If you’ve ever felt bullied at work, you’re not alone. A new study suggests workplace bullying is common, and so is the need for medical intervention.






The survey-based study of more than 6,000 Finns found that one in eight men and one in five women reported being bullied at work. And self-reported bullying victims were more likely to use of antidepressants, sleeping pills and sedatives.


“A potentially unexpected finding is that the results were somewhat stronger for men than women,” study author Dr. Tea Lalluka of the University of Hilsinki said, explaining that bullied men were slightly more likely to use medications than bullied women.


The study was published Thursday in the journal BMJ.


Even witnessing bullying can have health effects, according to the study. Men and women who observed workplace bullying were one and a half to two times as likely to need similar medications, reflecting true, medically confirmed mental problems.


“We’ve all seen it go on,” said Dr.

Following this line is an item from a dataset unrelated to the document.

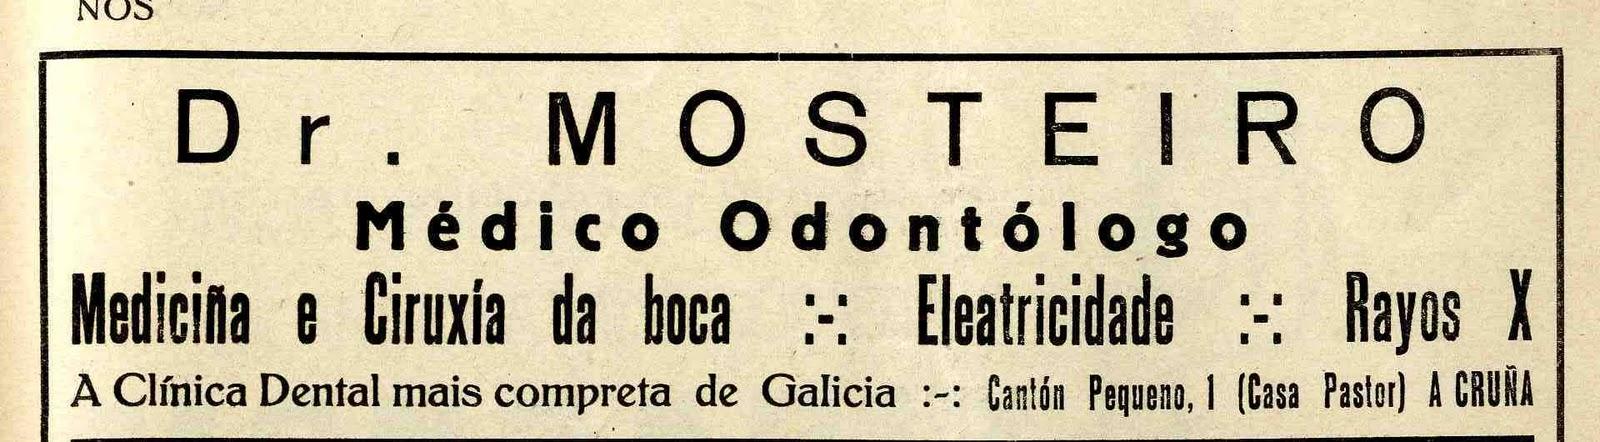 Anuncio da clínica do doutor Mosteiro na revista Nós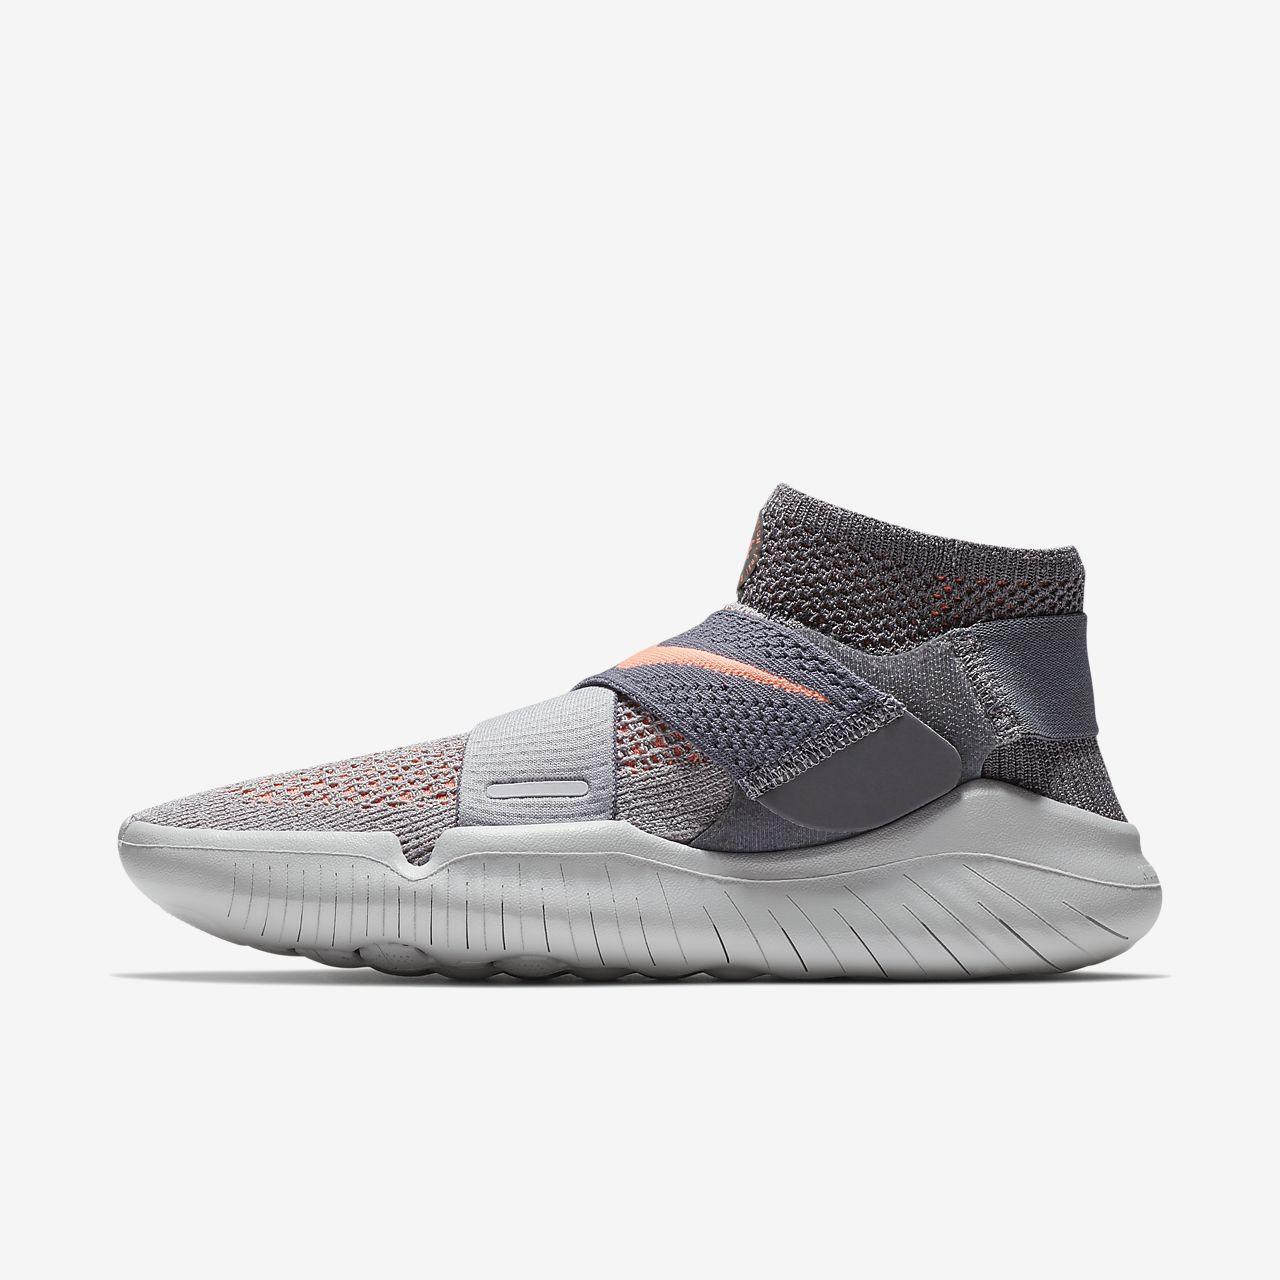 ... Nike Free RN Motion Flyknit 2018 Women's Running Shoe

Nadine Kaslow, vice chair of psychiatry at Emory University in Atlanta, who was not involved with the study. “It’s that bystander effect; nobody wants to do anything about it.”


The study was unable to examine the length or intensity of bullying among surveyed employees. But experts say preventing workplace bullying might help prevent serious mental health problems.


“There are employee assistance programs and wellness programs available to people,” Kaslow said. “I would encourage people to take advantage of those. Get support — social support, self care, exercise, eat well — whatever it is, make connections with people at work.”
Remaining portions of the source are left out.